University of Tennessee System

The system’s three undergraduate institutions set minimum ACT and SAT cut scores for entrance into specific English and math courses. If students’ scores are high enough, or they have completed an appropriate course with a C or better, or made a passing score on an AP or CLEP exam, or pass the approved online math placement exam with an 80 percent or higher, they qualify for the first math course required for their major.
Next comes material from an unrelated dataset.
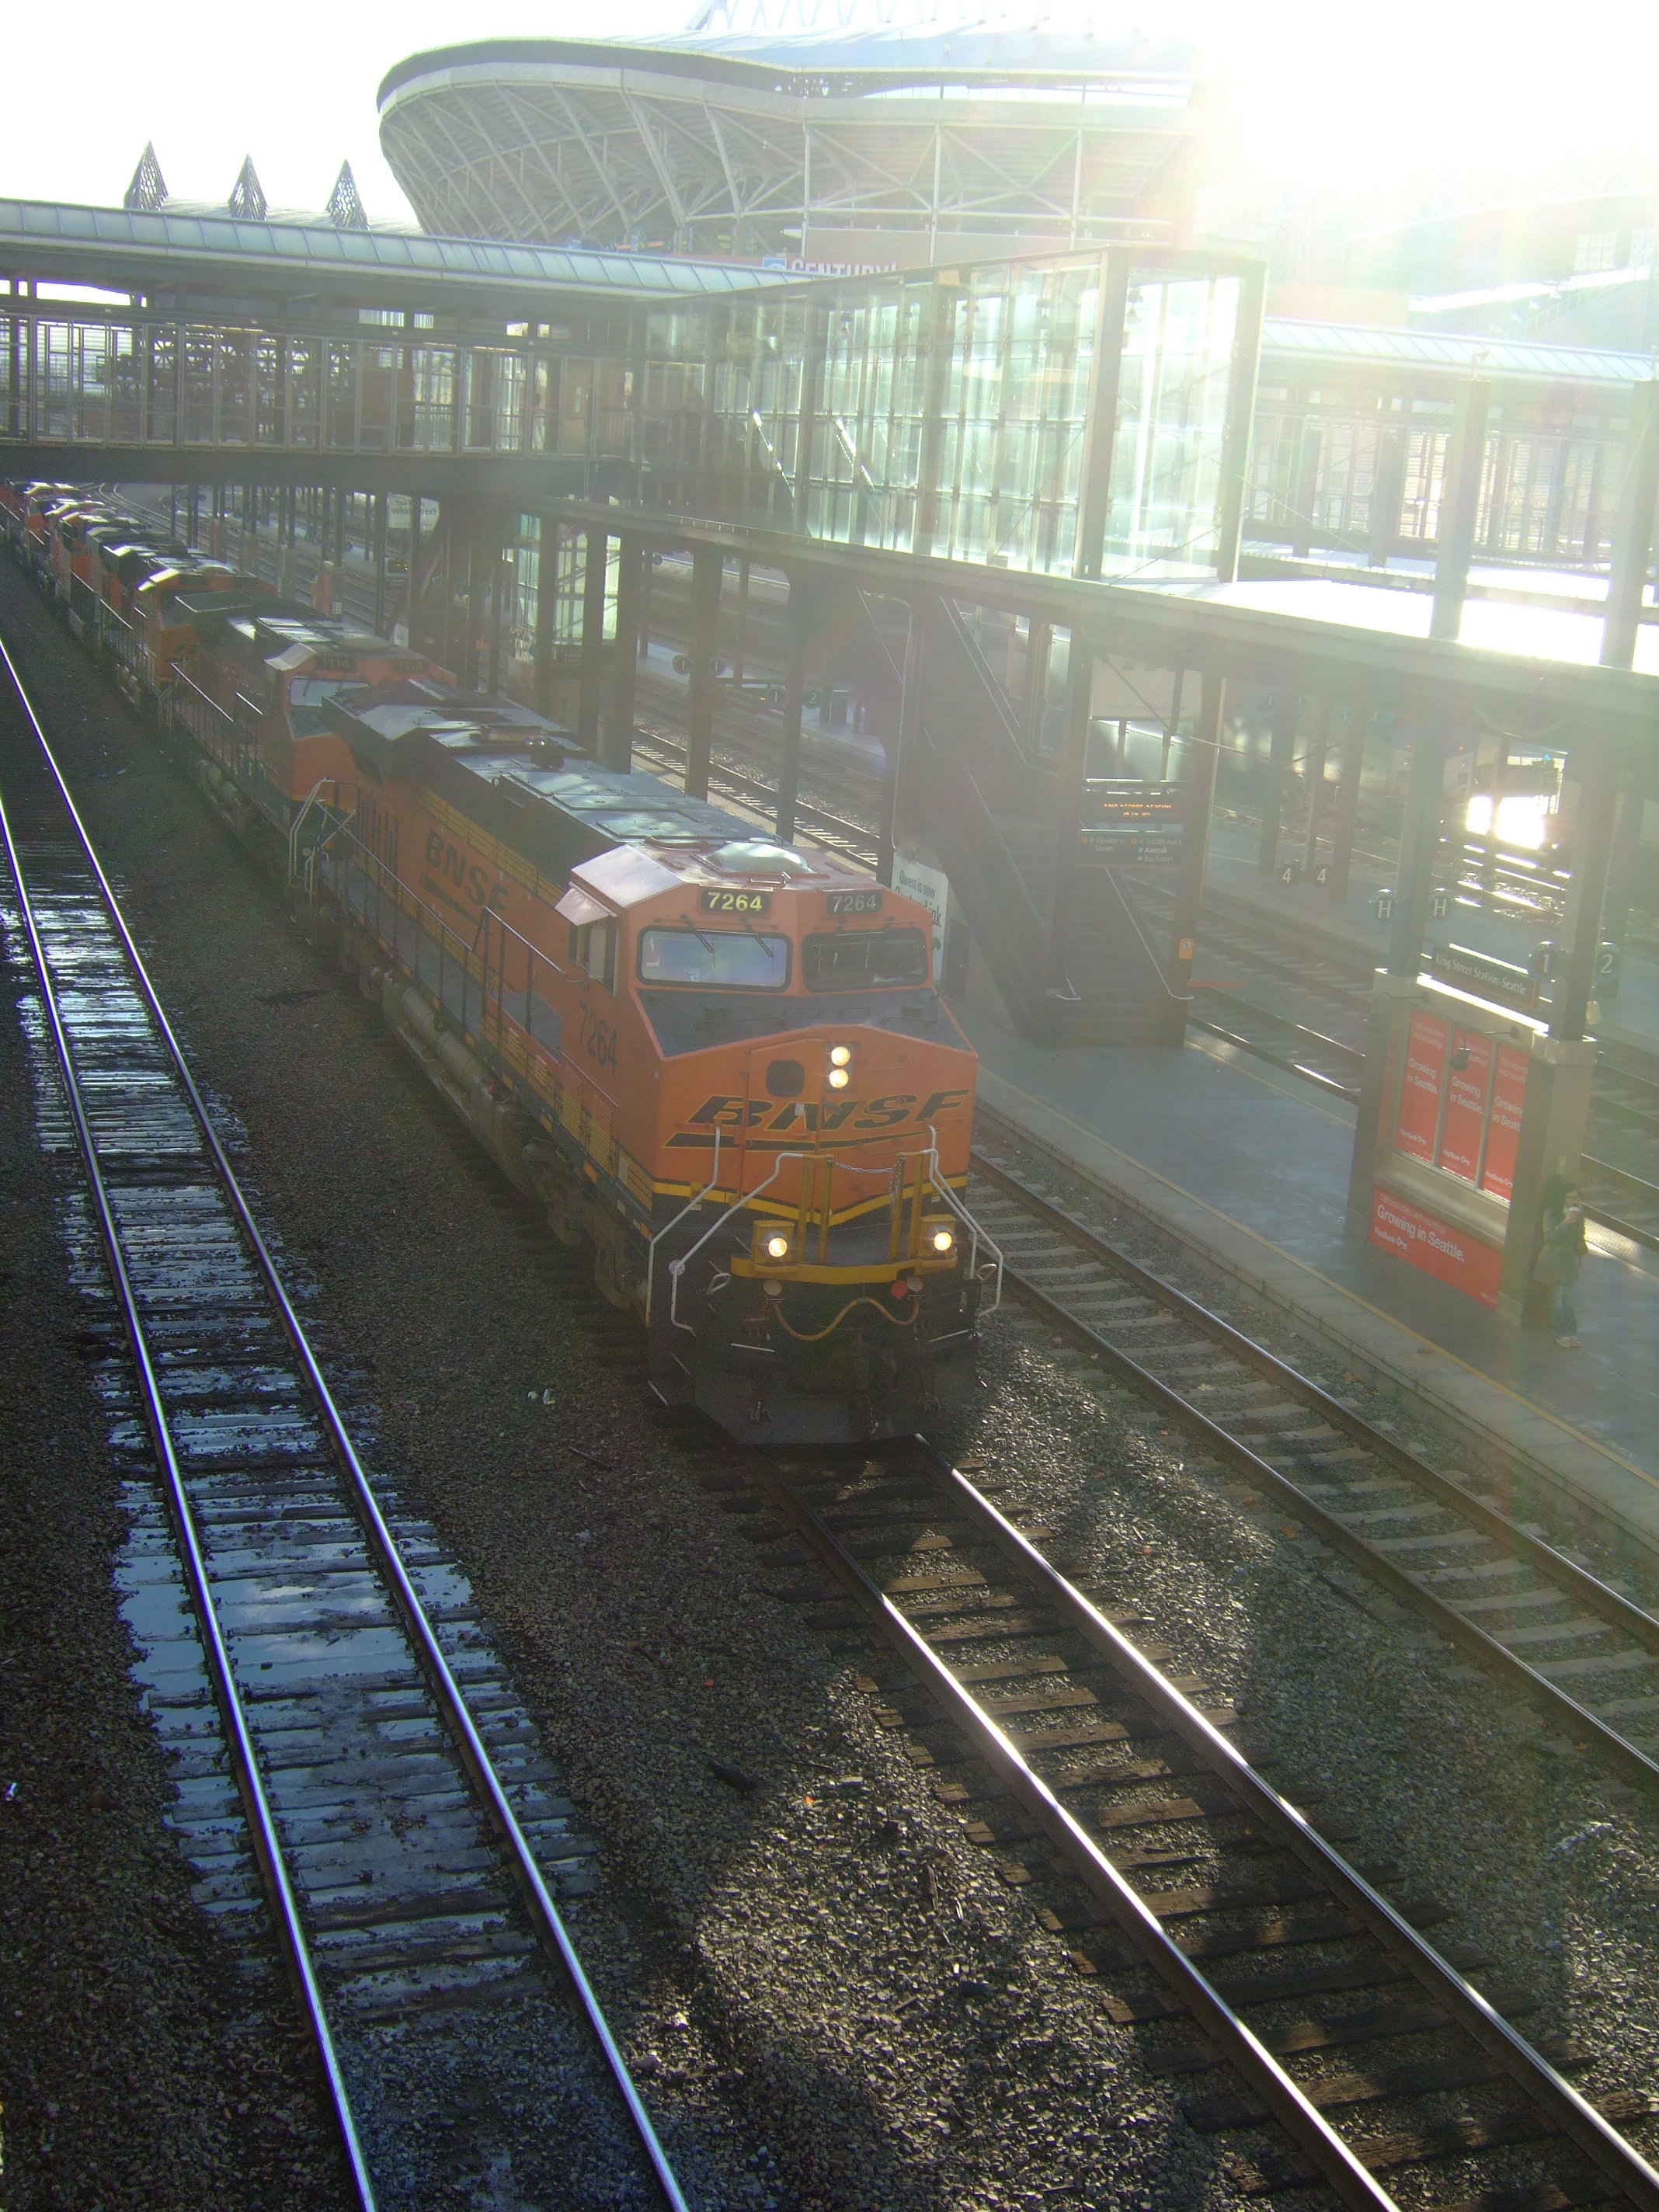 Trains passing

If not, they are directed to take a pre-requisite course.

All three institutions require students with low ACT English or SAT critical reading sub-scores to take an additional course or participate in a supplemental writing lab.

UT-Martin requires students who score below 21 on the ACT English and/or ACT Math subtests to enroll in the lowest applicable college-level courses.


State Financial Aid for Undergraduates

The state funds several scholarships and grants through the Tennessee Education Lottery Scholarship Program.

The Tennessee HOPE scholarship provides merit-based aid to recent high school graduates who attended approved Tennessee public or independent institutions. Students must have a score of 21 on the ACT (or 1060 SAT) or a 3.0 weighted high school grade-point average. Students must maintain a 2.75 college GPA to renew the HOPE scholarship for the first 48 credit-hours attempted and a 3.0 GPA to renew after 72 credit-hours attempted. The maximum annual award is $3,500 for freshmen and sophomores. The annual maximum award for juniors and seniors is $4,500.

HOPE scholars may qualify for supplemental awards, including the General Assembly Merit Scholarship and the need-based ASPIRE Award.

The General Assembly Merit Scholarship provides up to $1,500 per year if HOPE Scholars score at least 29 on the ACT Composite (or 1350 SAT) and earn a weighted high school GPA of 3.75.

The ASPIRE Award provides up to $1,500 per year if the adjusted gross income of HOPE Scholars, their parents, or spouses (if applicable) is less than $36,000, as measured by the federal IRS formula.

The HOPE Access Grant provides financial aid to students who earn a 2.75 weighted high school GPA, score at least an 18 on the ACT (or 940 on the SAT) and have an annual household income of $36,000 or less. While the HOPE Access Grant expires after one academic year, students can receive the HOPE scholarship if they maintain a 2.75 GPA for their first two semesters of college. The maximum award for the non-renewable grant is $2,500.

The Wilder-Naifeh Technical Skills Grant, also part of TELS Program, is available to Tennessee residents who attend one the state’s 27 colleges of applied technology.

The state also manages two grant programs outside of the TELS framework. Tennessee graduates who qualify for the Federal Pell Grant and have an Expected Family Contribution (EFC) under $2,100 can receive additional aid through the Tennessee Student Assistance Award. Funding is limited and awarded on a first-come, first-serve basis.

The Tennessee Promise Scholarship is a last-dollar award, meaning the program covers the remaining portion of tuition and fees after deducting proceeds from for federal and state aid sources. Recipients may use the award to pursue certificates, technical diplomas, and associate degrees.


Postsecondary Feedback to High Schools

The Tennessee Higher Education Commission, in collaboration with ACT Inc., publishes annual Freshman Feedback Success reports. The reports provide information on recent high school graduates enrolled in college, subdivided by district, school, college, and postsecondary system. These reports, which are limited to outcomes from Tennessee’s ACT-tested public and private high school graduates, track college enrollment, first-year college GPA, average ACT courses, and median course loads.

The commission publishes an annual higher education fact book, which provides detailed information about higher education enrollment and persistence in the state.